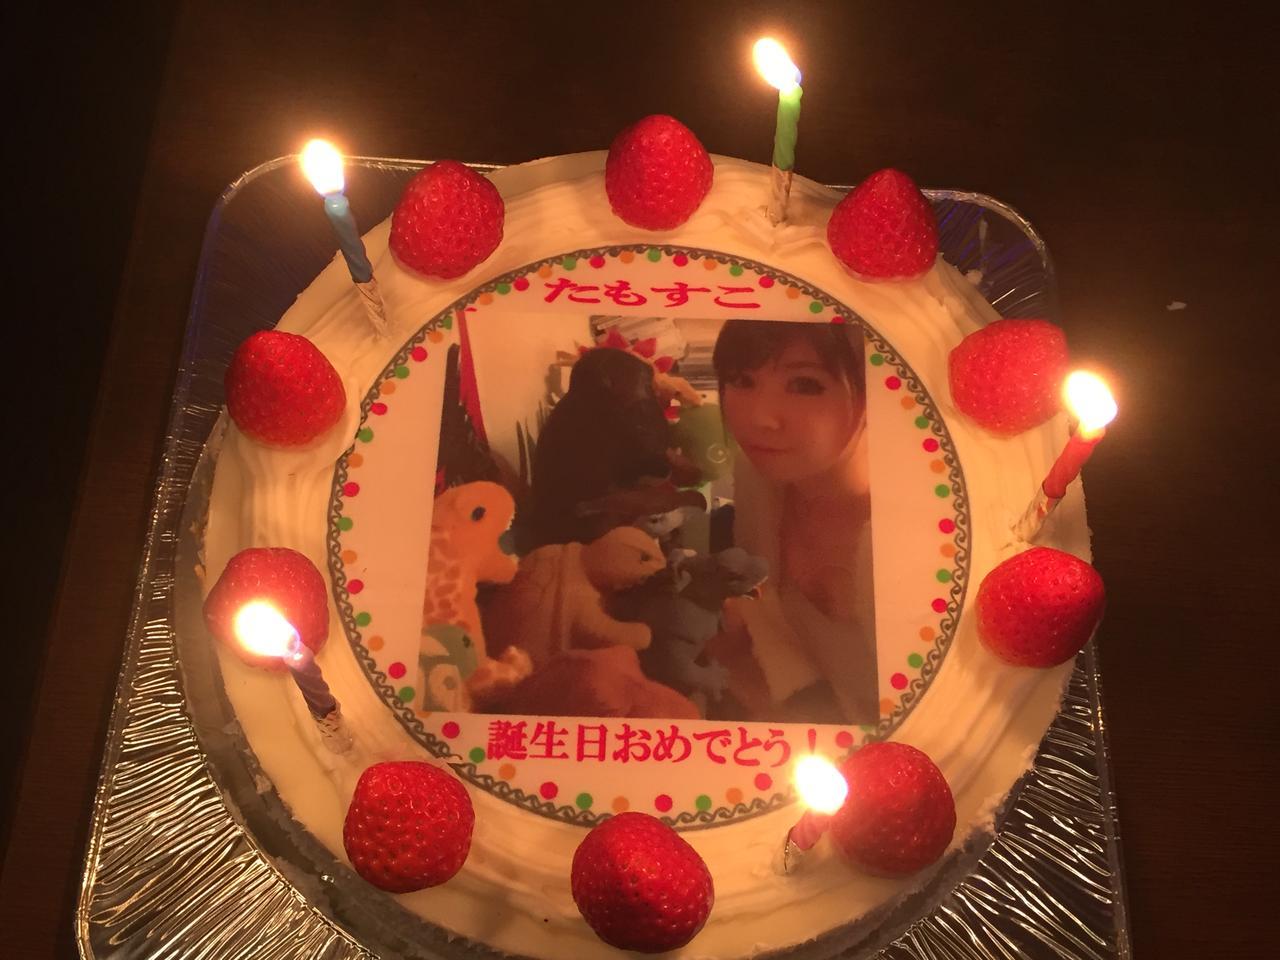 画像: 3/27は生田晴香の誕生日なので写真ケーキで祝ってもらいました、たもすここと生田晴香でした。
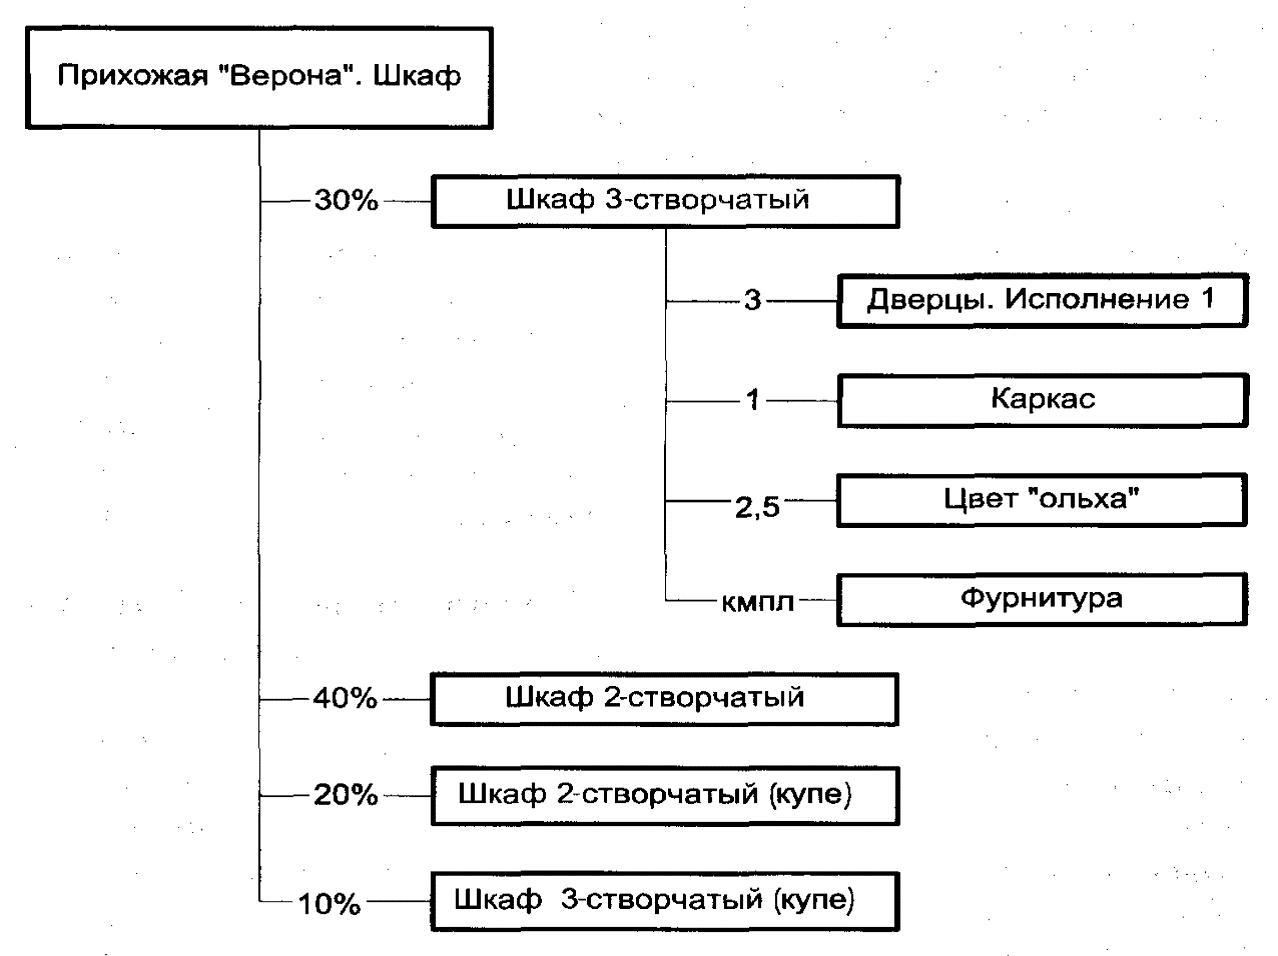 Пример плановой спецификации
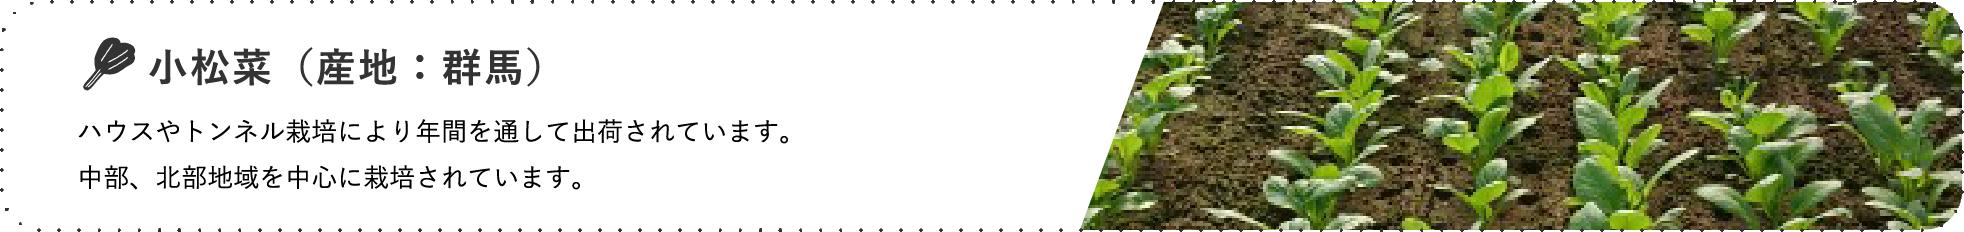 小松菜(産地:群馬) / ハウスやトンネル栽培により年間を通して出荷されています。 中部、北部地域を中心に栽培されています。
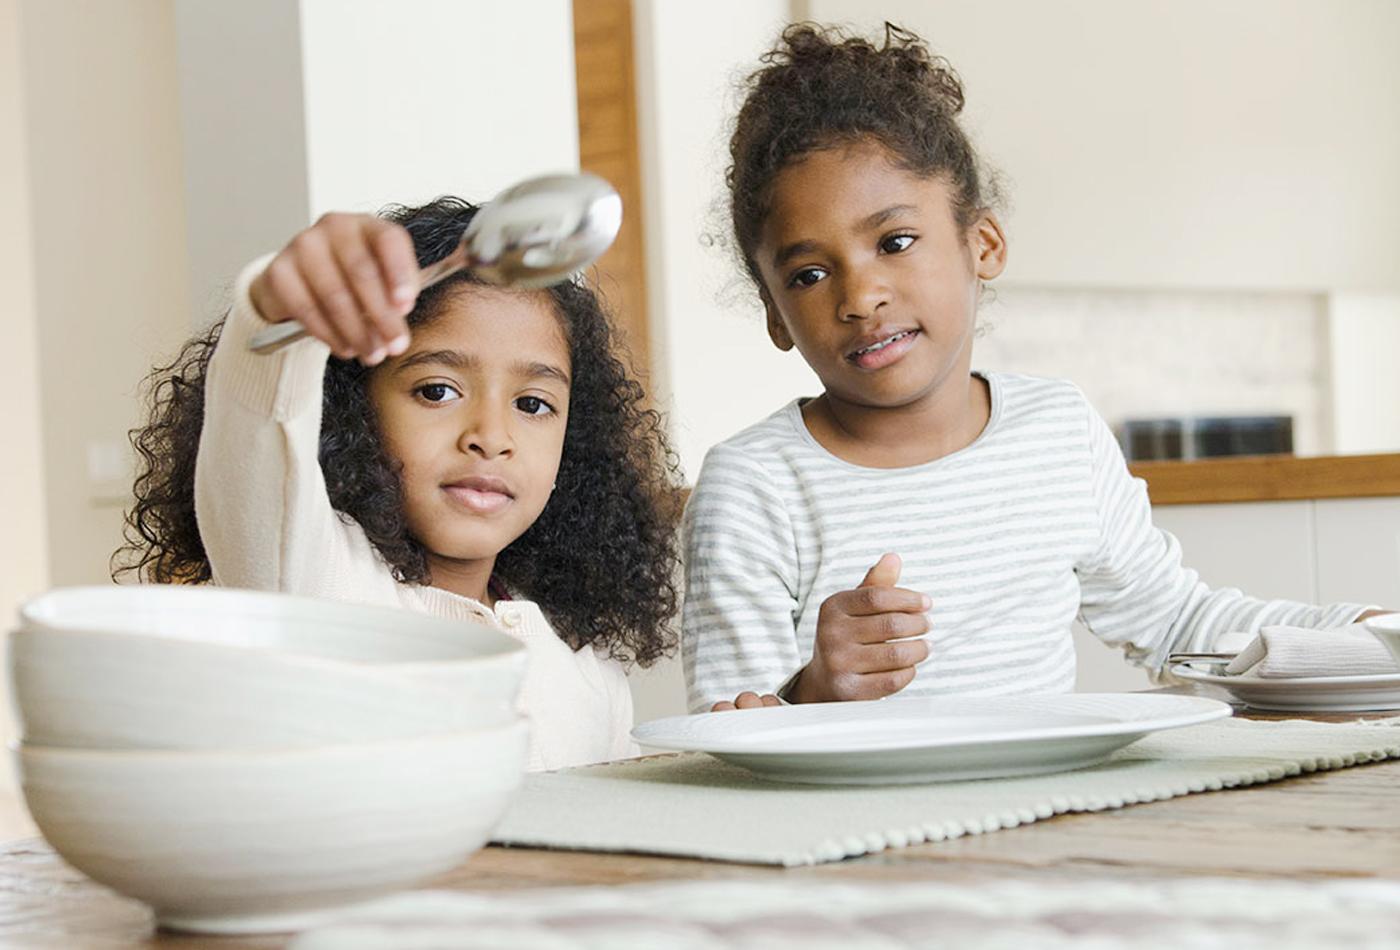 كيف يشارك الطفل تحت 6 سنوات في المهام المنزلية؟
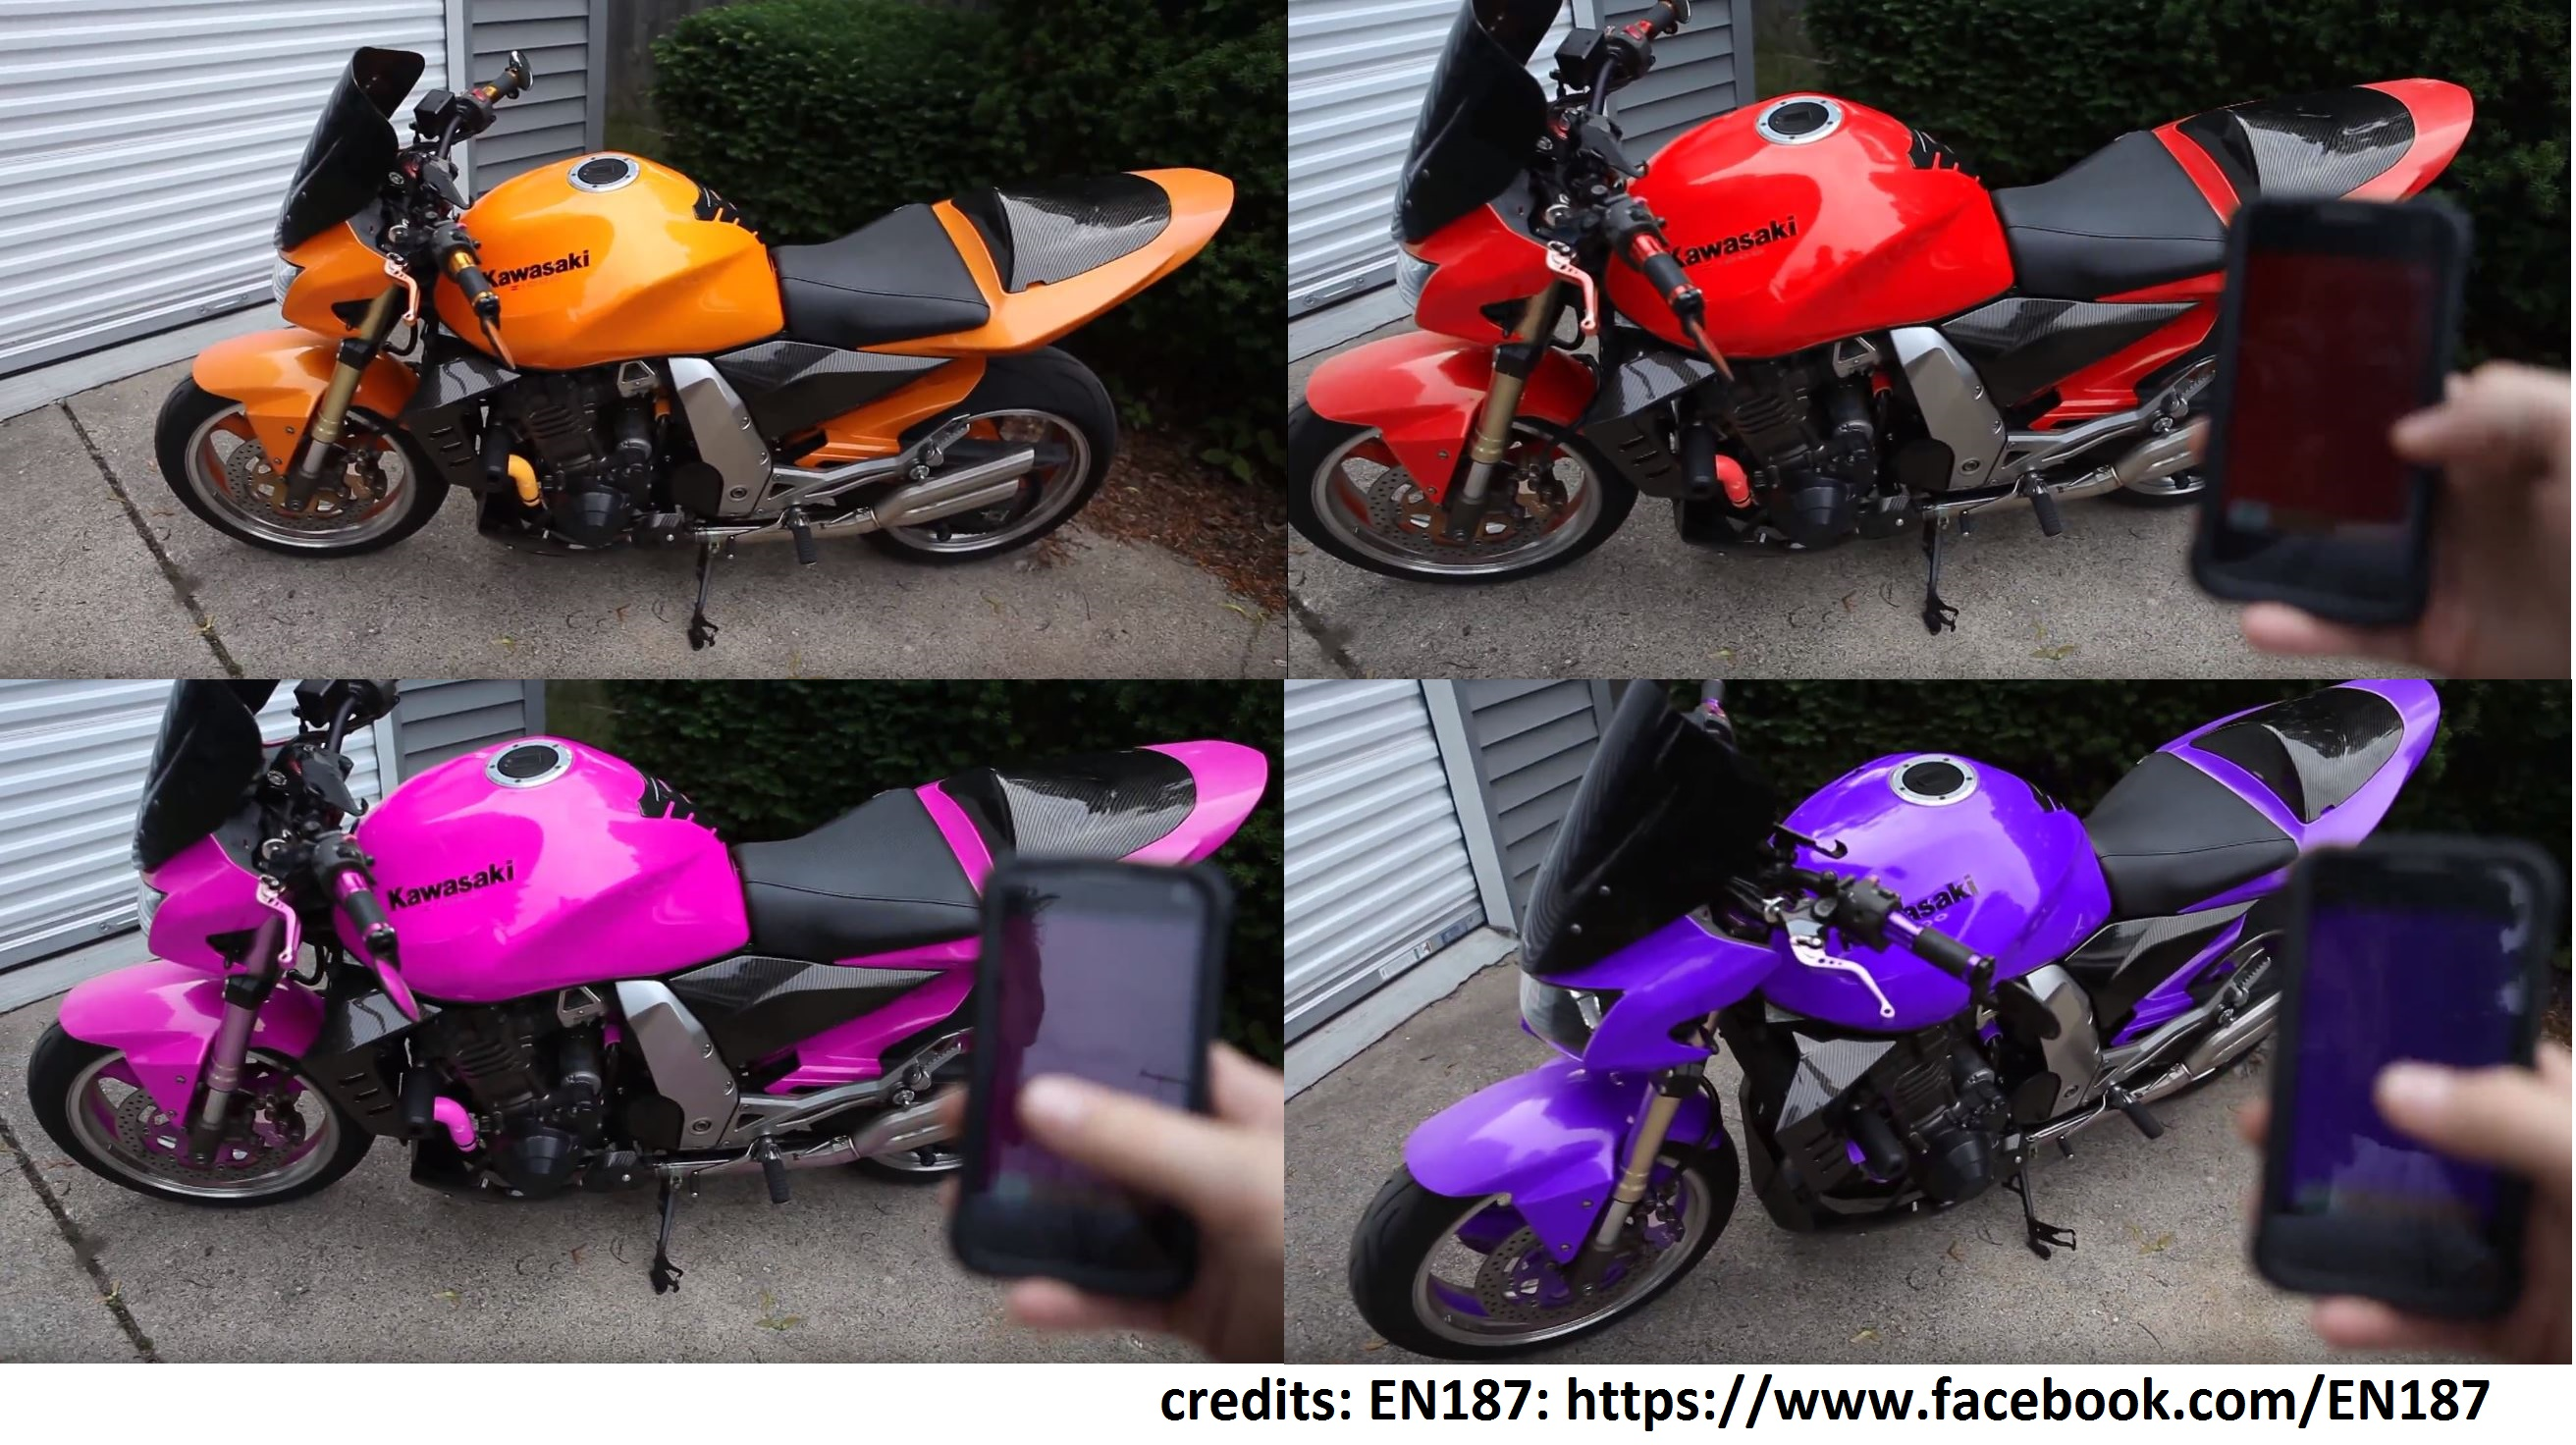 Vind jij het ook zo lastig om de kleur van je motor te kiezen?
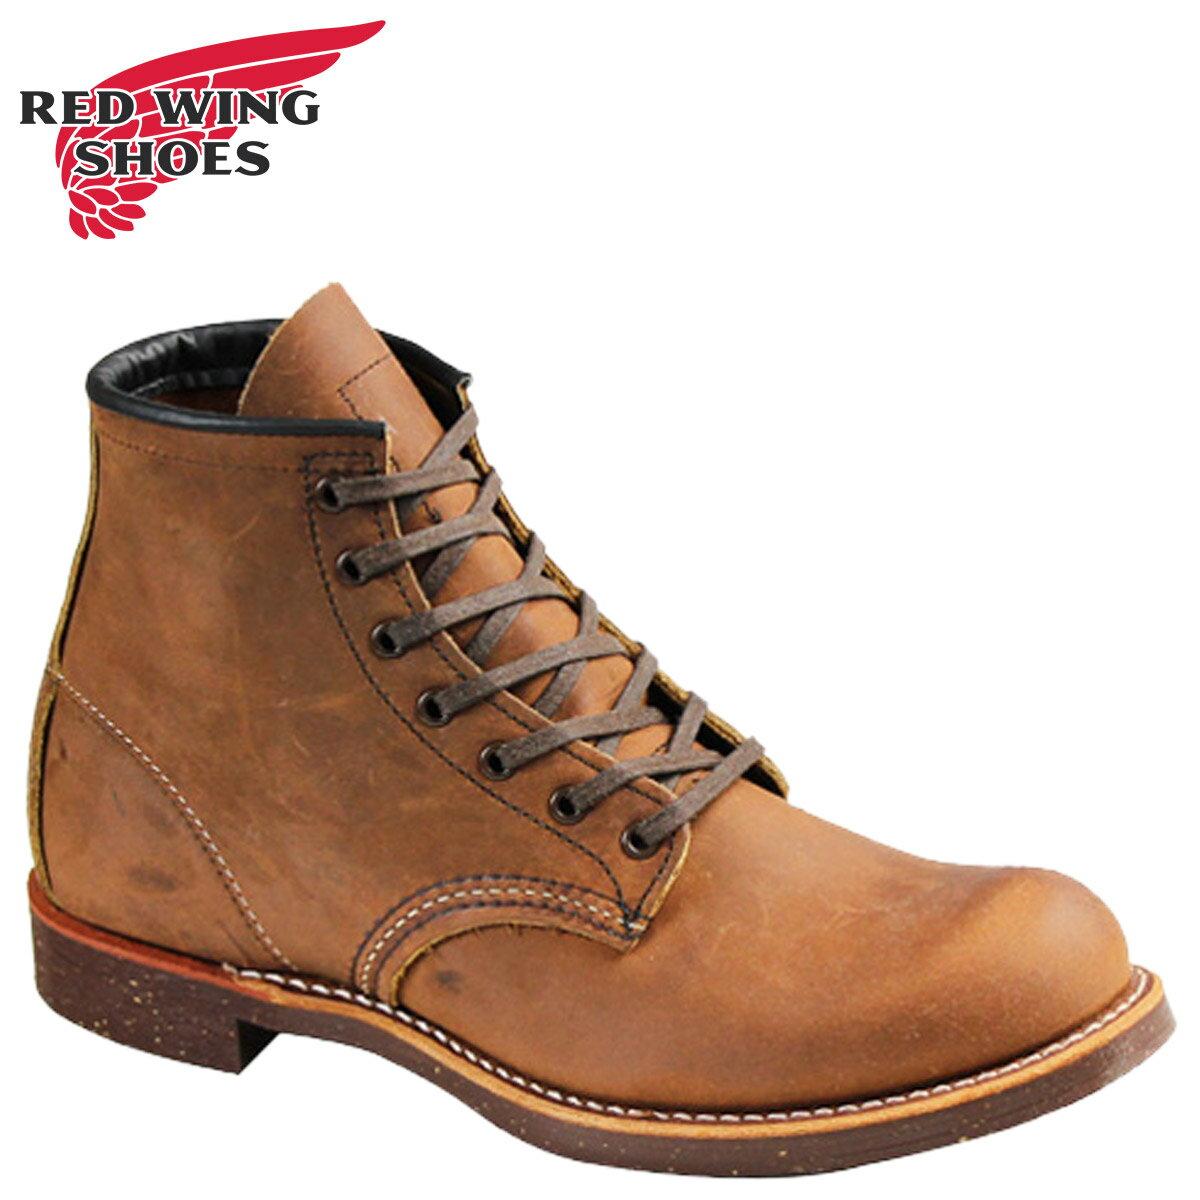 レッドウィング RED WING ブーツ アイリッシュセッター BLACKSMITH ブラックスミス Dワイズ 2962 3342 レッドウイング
- - -
(What you are asked to do)
Set down all the lines above exactly as they appear, with no pictures.

(Exercise result)
 画像: 3/27は生田晴香の誕生日なので写真ケーキで祝ってもらいました、たもすここと生田晴香でした。
 Пример плановой спецификации
 小松菜(産地:群馬) / ハウスやトンネル栽培により年間を通して出荷されています。 中部、北部地域を中心に栽培されています。
 كيف يشارك الطفل تحت 6 سنوات في المهام المنزلية؟
 Vind jij het ook zo lastig om de kleur van je motor te kiezen?
 レッドウィング RED WING ブーツ アイリッシュセッター BLACKSMITH ブラックスミス Dワイズ 2962 3342 レッドウイング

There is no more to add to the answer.